Let's make that Happen! ✨
So what’s the app about? 🤔
ZenTube condenses the information within a YouTube Video so that you can learn, develop, and master skills more efficiently! By generating the video transcript, a concise video summary, and time-stamped key points, you don't need to watch the entire video to gain a good understanding of the subject matter. If you want to dive deeper, then you can directly ask specific questions and the application will answer the inquires based on the information inside the YouTube Video. We not only save your valuable time but also enable you to silence the noise by making the content inside videos digestible and searchable.
Stay calm and Study on! 🚀
Tech Stack 🏗
First and foremost, it is Crafted with 💙. For the front-end, we’ve used React.js & Tailwind as a CSS framework. The Authentication (OAuth) is done through Firebase & we also used Cloudstore database to store user logs. Using Python as the root language for creating the ML model, it was fed using a few different libraries such as Numpy, Pandas & Keras with Tensorflow. An image of the same model is deployed on Docker for Debugging purposes & hosted on glitch.me.
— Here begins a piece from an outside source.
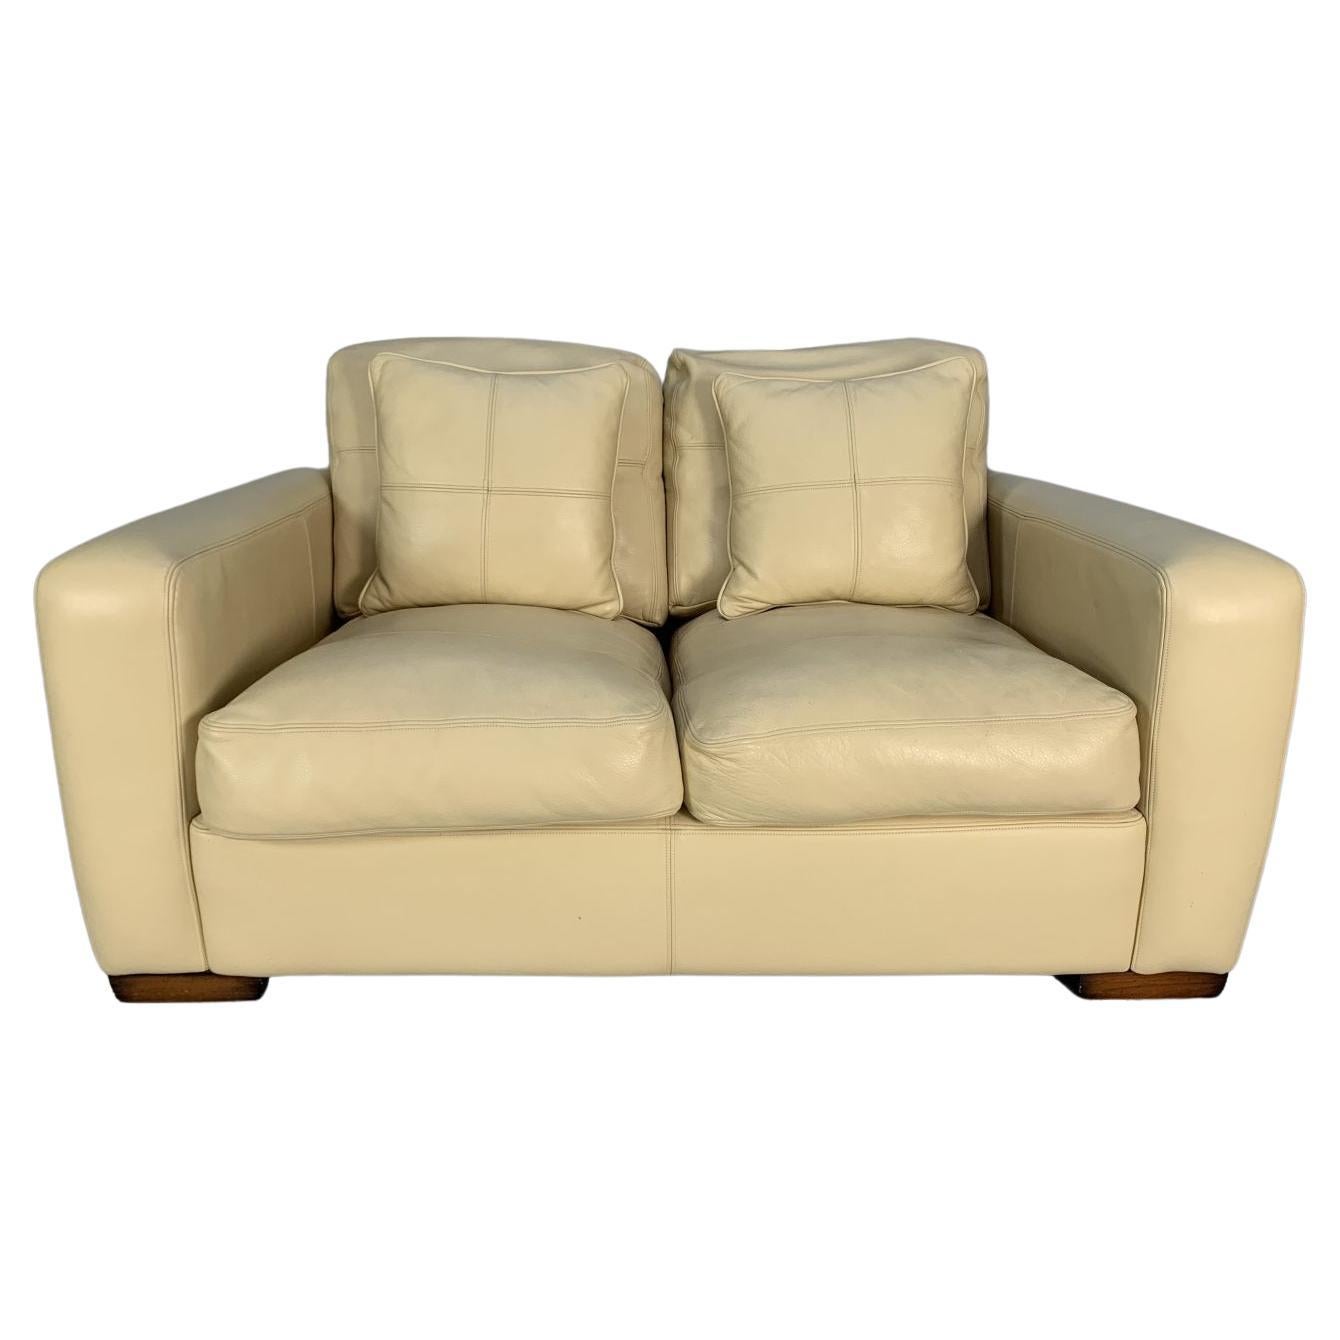 Duresta “Panther” 2-Seat Sofa – in Cream Leather

For the functionality, we wrote a custom, proxy middleware API to extract YouTube metadata and to convert YouTube videos to Mp3 (or MP4) format from the default .m4a format. From there, we pass the Mp3 file into Assembly-AI's API since it doesn't directly support .m4a format natively. Then, the API returns a JSON response which contains a list of features including Transcription, Automatic Transcript Highlights, Word Timings, Topic Detection, Profanity Filtering, along with recently added updates such as —
Auto Chapters that provide a "summary over time" by breaking audio/video files into "chapters" based on the topic of conversation & Sentiment Analysis processed by a Disfluency filter.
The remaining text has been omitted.